1. A block of mass m is released from rest at the top of a frictionless incline of height h. What is the kinetic energy of the block at the bottom of the incline? (A) mgh/2 (B) mgh (C) 2mgh (D) 4mgh

2. A spring with spring constant k is compressed by a distance x. What is the potential energy stored in the spring? (A) kx/2 (B) kx (C) kx^2/2 (D) kx^2

3. A ball is thrown vertically upwards. Neglecting air resistance, which of the following is true about its mechanical energy? (A) It increases as the ball goes up. (B) It decreases as the ball goes up. (C) It remains constant. (D) It is zero at the maximum height.

#Free Response Question (FRQ)

A block of mass m is released from rest at the top of a ramp of height h and slides down the ramp. The ramp is inclined at an angle θ with the horizontal. The coefficient of kinetic friction between the block and the ramp is μ.

(a) Derive an expression for the work done by friction as the block slides down the ramp. (b) Derive an expression for the kinetic energy of the block at the bottom of the ramp. (c) If the block is observed to have half the kinetic energy at the bottom of the ramp compared to the frictionless case, derive an expression for the coefficient of kinetic friction μ in terms of h, θ, and g.

#FRQ Scoring Breakdown

(a) Work done by friction (3 points)

• 1 point: Correctly identifying the normal force as mgcos(θ).
• 1 point: Correctly calculating the frictional force as μmgcos(θ).
• 1 point: Correctly calculating the work done by friction as -μmghcos(θ)/sin(θ), or -μmgdcos(θ), where d is the distance along the ramp.

(b) Kinetic energy at the bottom (3 points)

• 1 point: Correctly stating the conservation of energy principle: mgh = K + Wfriction.
• 1 point: Correctly substituting the work done by friction from part (a).
• 1 point: Correctly solving for the kinetic energy at the bottom as K = mgh - μmghcos(θ)/sin(θ), or K = mgh - μmgdcos(θ).

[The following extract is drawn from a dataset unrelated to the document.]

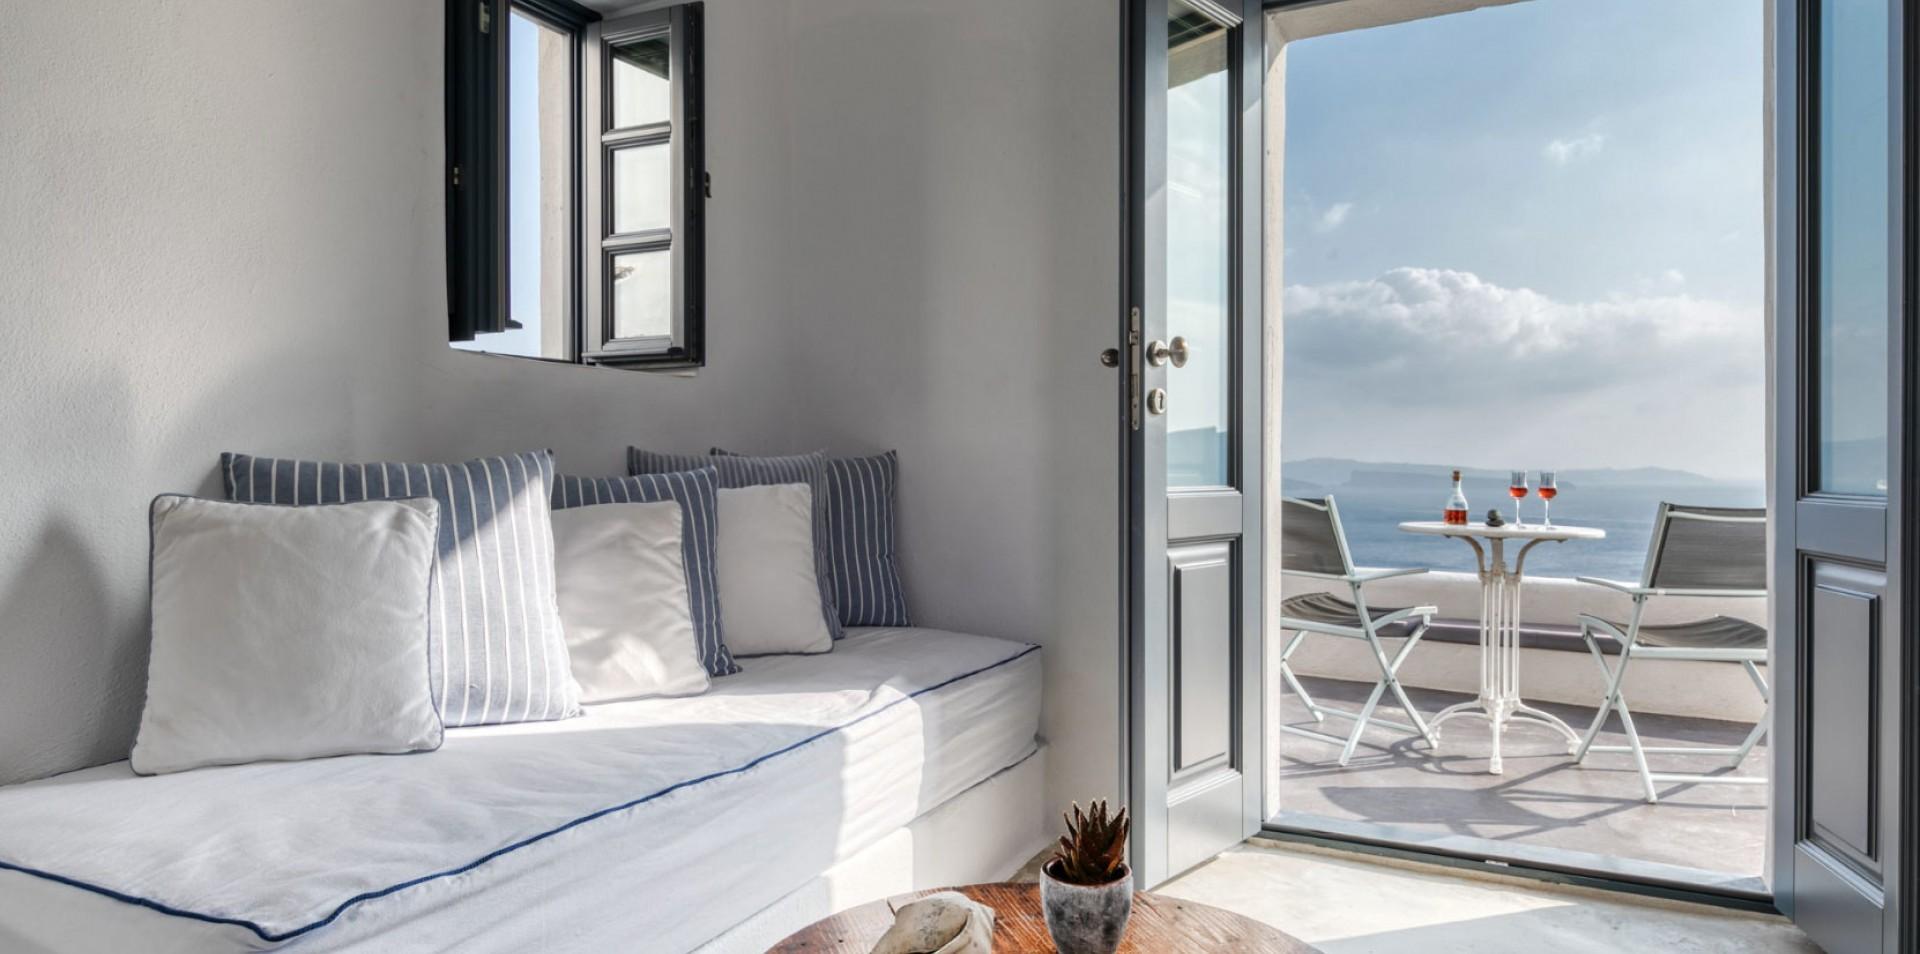 The interior of the luxury suite of Nostos Apartments in Oia Santorini
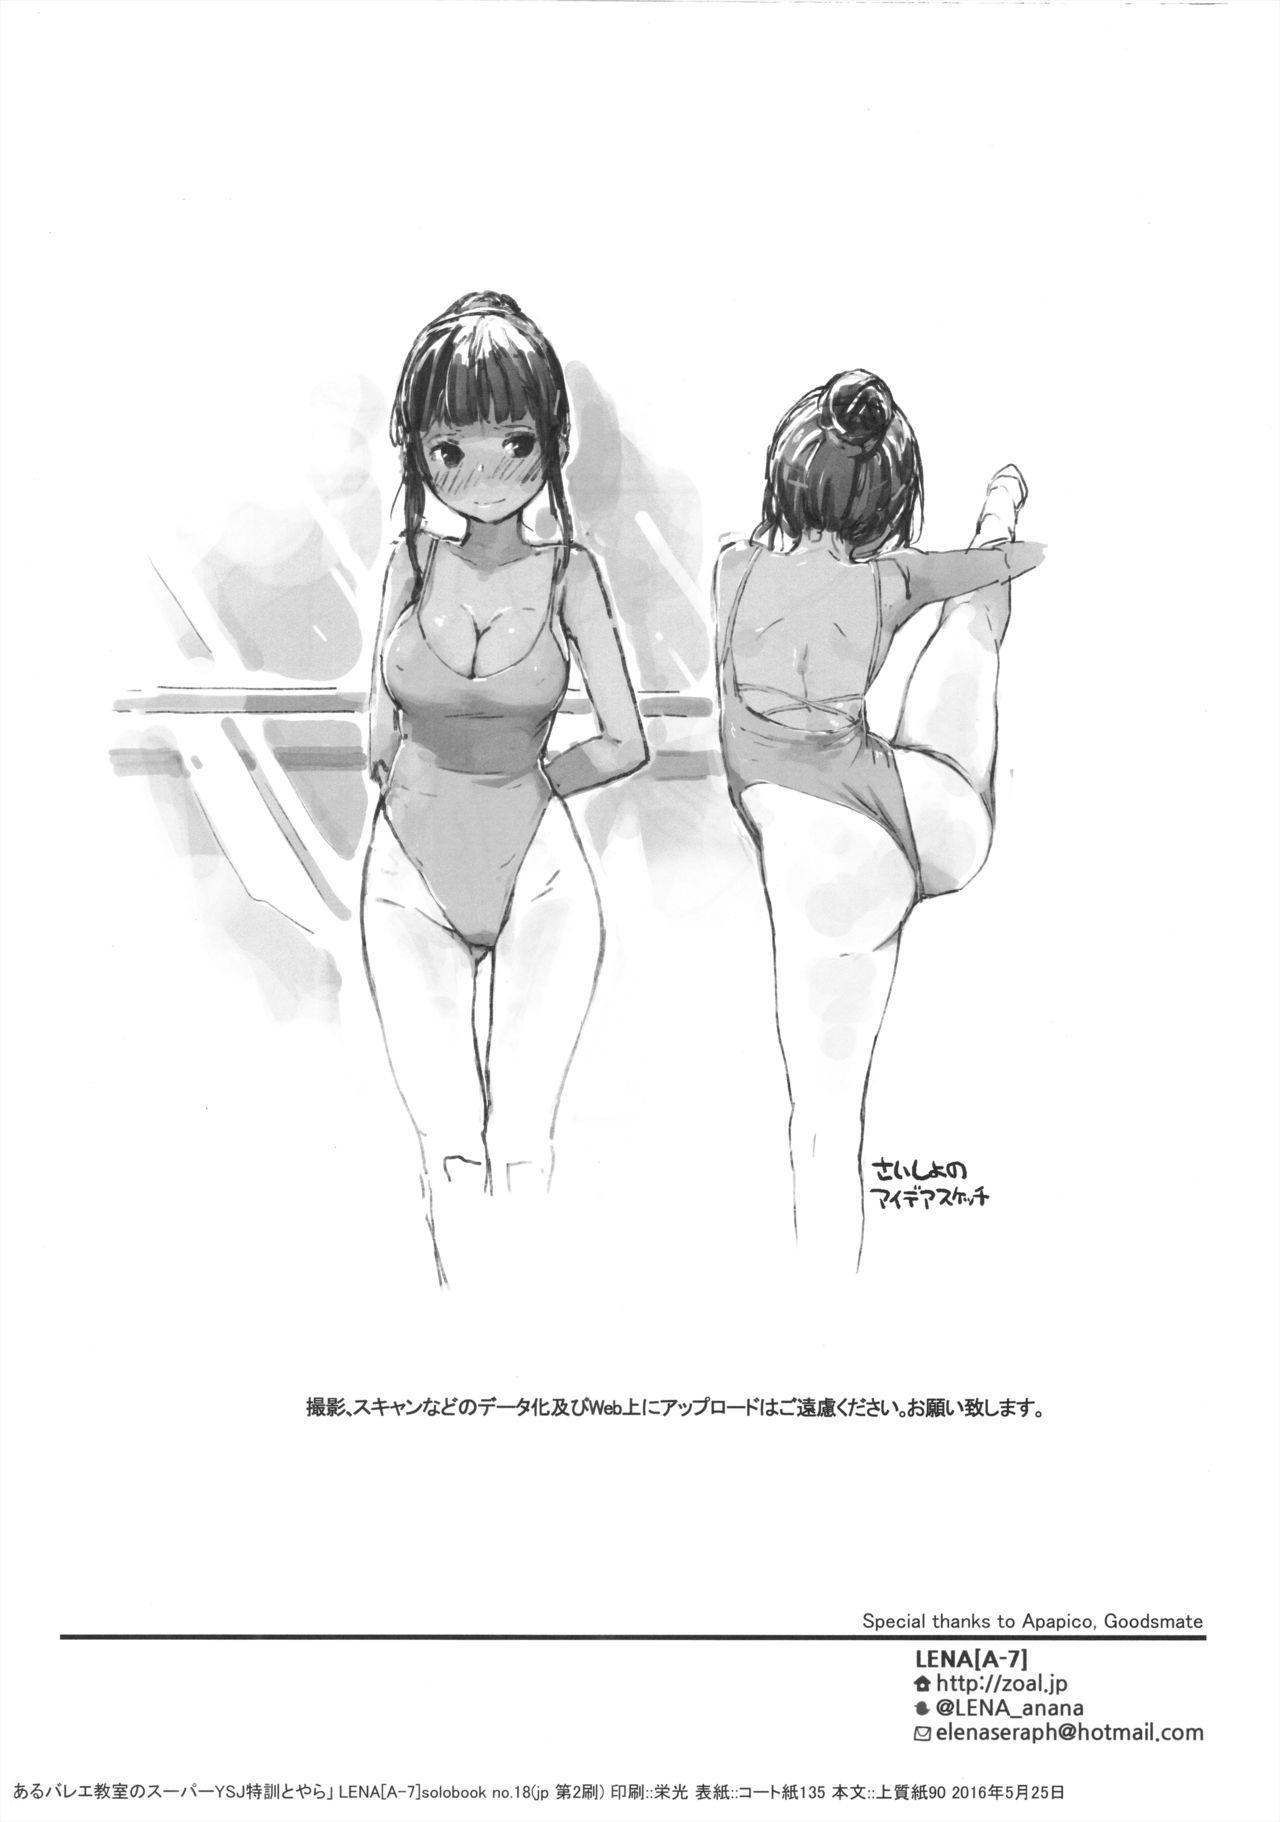 )] aru ballet kyoushitsu no super YSJ tokkun to yara | It's the ballet class's super YSJ training 11

(c) Coefficient of kinetic friction (4 points)

• 1 point: Correctly stating the kinetic energy at the bottom in the frictionless case as K = mgh.
• 1 point: Correctly stating that the kinetic energy at the bottom with friction is mgh/2. * 1 point: Correctly setting up the equation mgh/2 = mgh - μmghcos(θ)/sin(θ).
• 1 point: Correctly solving for the coefficient of kinetic friction as μ = (1/2)tan(θ).